Happy's marketing news - 08.09.17



Nick Hyde
Nick Hyde

PR & Content Manager

It’s been a busy week in the marketing world, here’s what has caught our eye!

 
 
Brands using Snapchat to reach teenagers could be misguided according to new research, which finds that only 14 per cent of users aged 16-24 use the app to find new products and brands to try. However, that figure rises to one in five (21 per cent) among users aged 25-34. The findings come on the eve of Snapchat’s fifth birthday in September, and as its parent company reports slowing growth as it looks for ways to make life easier for advertisers. The research was carried out among 2,500 UK consumers aged 16 and above by media agency UM. It forms part of the Momentous Book of Moments, an in-depth study of the UK’s online and social media habits. Perhaps unsurprisingly, the study found that a large part of the social network’s attraction to younger users is its lack of appeal to older people: 40 per cent of those aged 16-24 (and 43 per cent of teenagers) admit they like using Snapchat because their parents aren’t on it. One in five 25-34-year-old users (20 per cent) feel the same way.
 
 
First Direct has launched its first major campaign in two years in an attempt to subtly reinforce its “challenger” status.

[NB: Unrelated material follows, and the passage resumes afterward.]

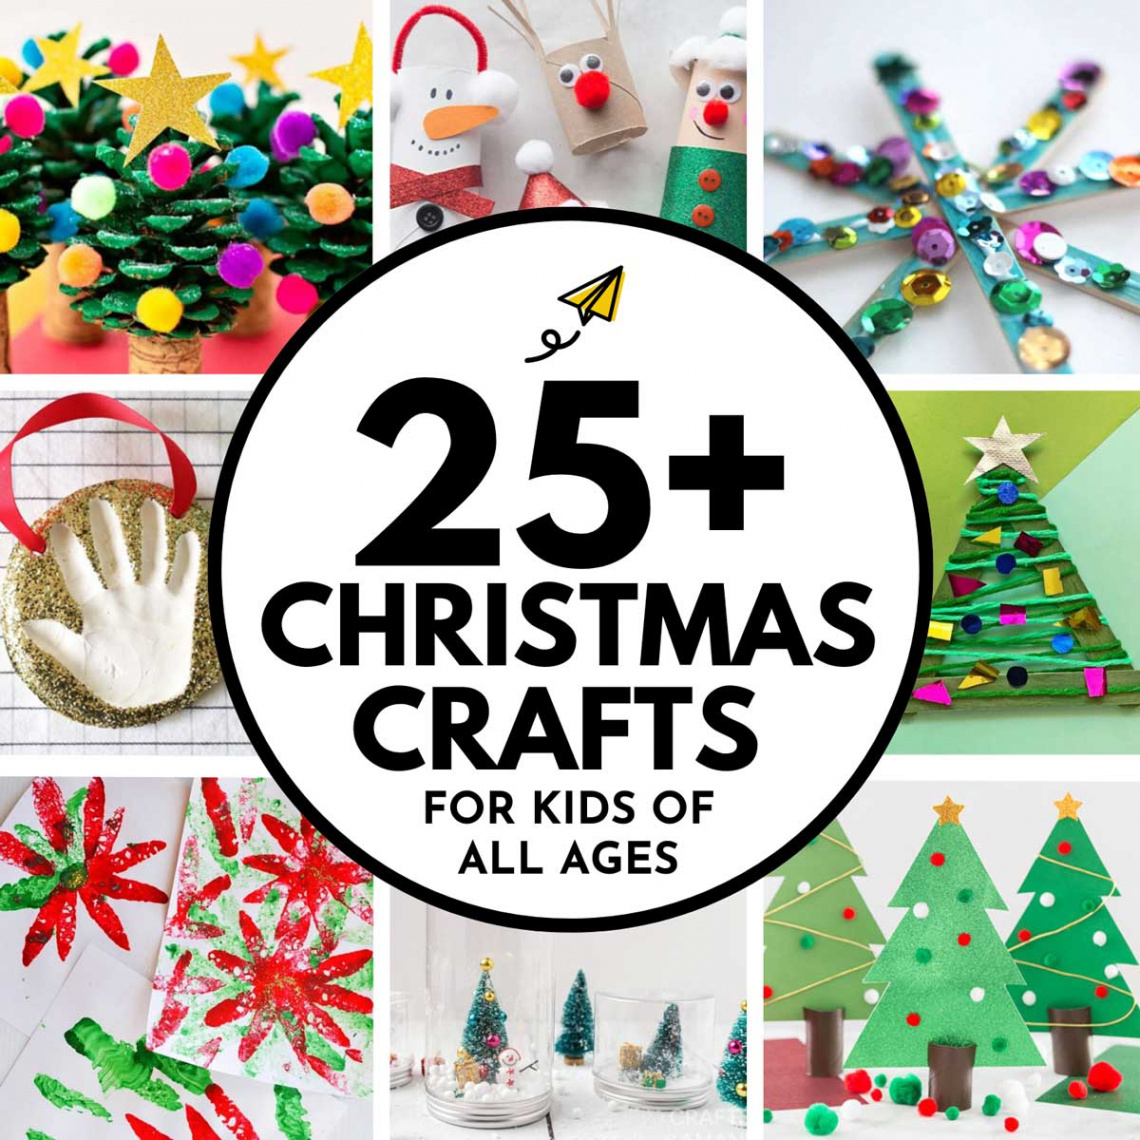 Christmas Crafts for Kids - Busy Toddler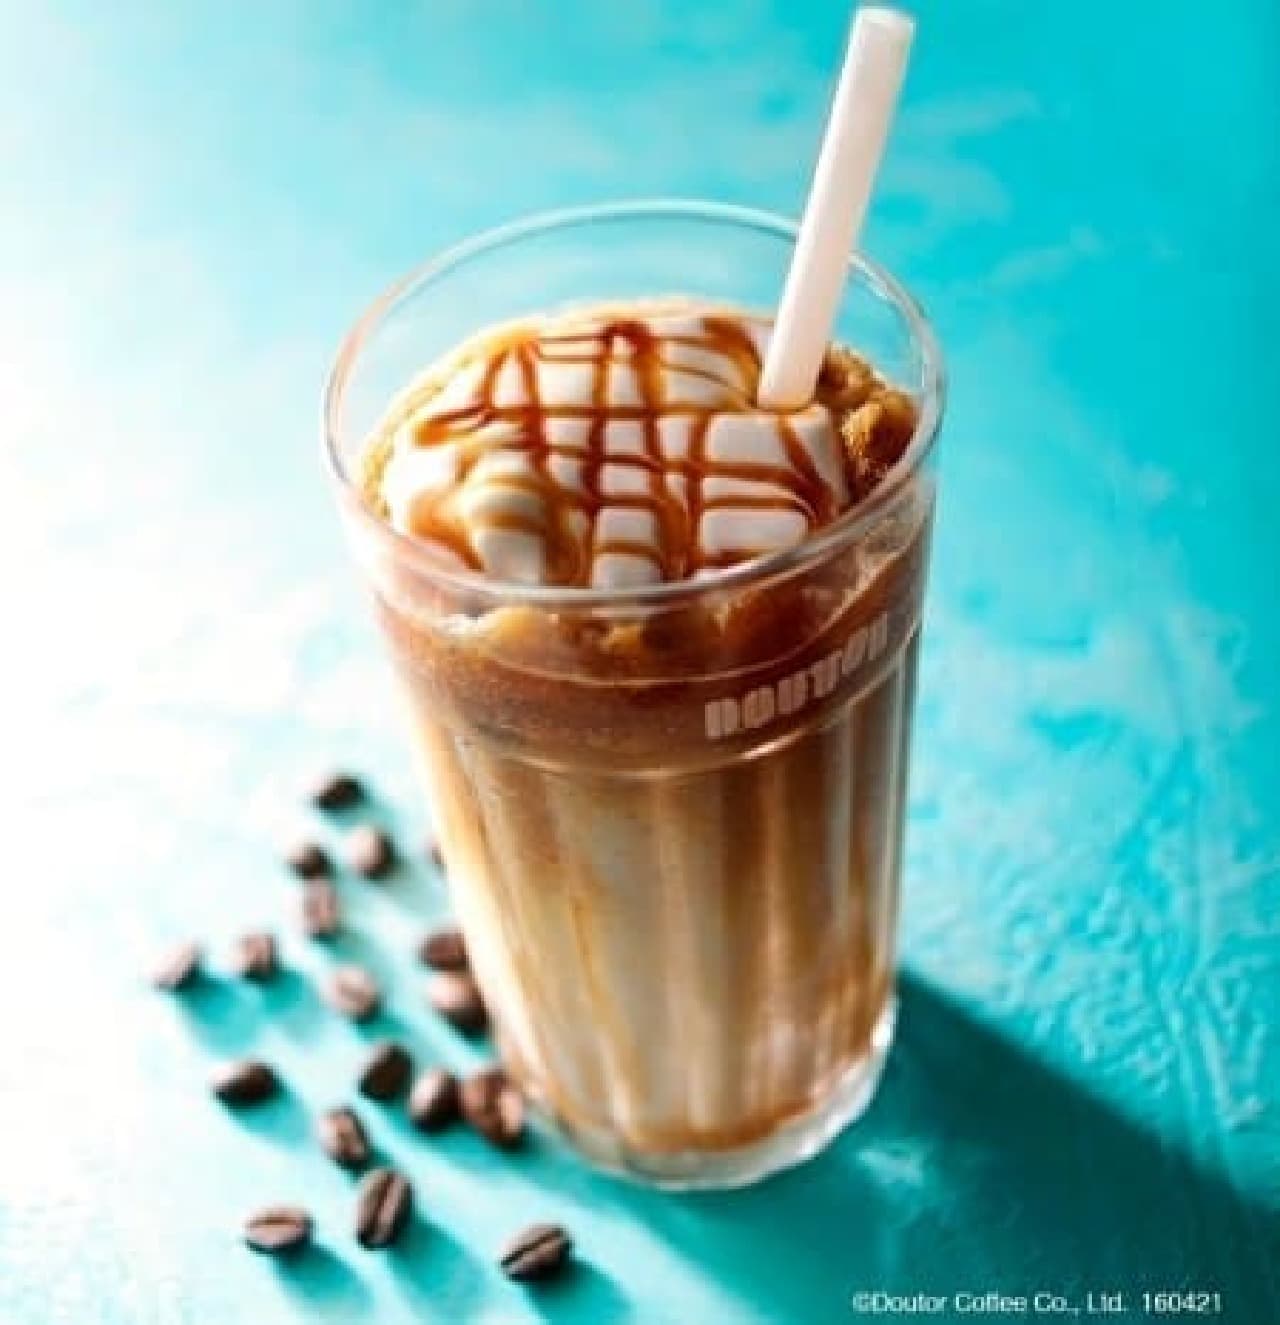 Available at Doutor limited stores! Frozen with latte flavor

The Leeds-headquartered bank, set up 28 years ago, has brought in London agency Karmarama for an above-the-line campaign that has launched with a 60-second TV ad. It seeks – in a marketplace increasingly featuring challenger banks such as Aldermore, Metro and Atom – to promote it as a “modern, digital bank”. The ad, which features an astronaut bouncing around London, paints First Direct as a bank that “forgot to be ordinary long ago”.
 
 
Coca-Cola believes e-commerce is playing an increasingly important role for the business, but warns that its image of only being the remit of digital “pure players” is wrong and should be challenged. Speaking at the Barclays Global Consumer Staples Conference yesterday (5 September), the company’s executive vice president of Coca-Cola North America, Sandy Douglas, spoke about the “digitisation” of the business, and how technology is changing the way it serves consumers. E-commerce, he claimed, gives it the opportunity to reach people using their mobile devices in their homes – and believes there is room for further growth due to the popularity of its products among online retailers. That said, he believes e-commerce still has an image problem that needs tackling.
 
 
Gambling firms should be banned from football shirt sponsorship deals, Labour has said. With 25 of the 92 league clubs, including nine out of 20 Premier League sides, currently engaged in such sponsoring, shadow Digital, Culture, Media and Sport (DCMS) secretary Tom Watson said it was time to take action. Currently, children’s replica kits cannot carry the logos of betting companies, with some choosing to display the emblem of club trusts, or simply selling blank shirts. Mr Watson said clubs should take the lead from the Football Association as it ended its commercial agreement with Ladbrokes in June after deciding it was not appropriate for it to partner with a gambling company. Labour said the FA already prohibits under-18 teams from displaying the logos of gambling firms as that would be classed as wearing clothing which would be deemed as “detrimental to the welfare, health or general interest of young persons”.
 
 
Google has redesigned its Street View camera system so that it can take clearer images and capture more data about shops and buildings. The new hardware takes clearer panoramic photos, while two high definition cameras capture detailed images of shops and street signs. Data such as shop opening hours can be spotted by machine-learning algorithms and included in search results. It is the first major update to the Street View hardware in eight years. Google said the improved cameras would produce brighter and more colourful images, with less-noticeable seams where the images had been “stitched together” to produce a 360-degree panorama. It said it had captured images of more than 10 million miles of road, and more than 80 billion photos, since launching Street View, in 2007.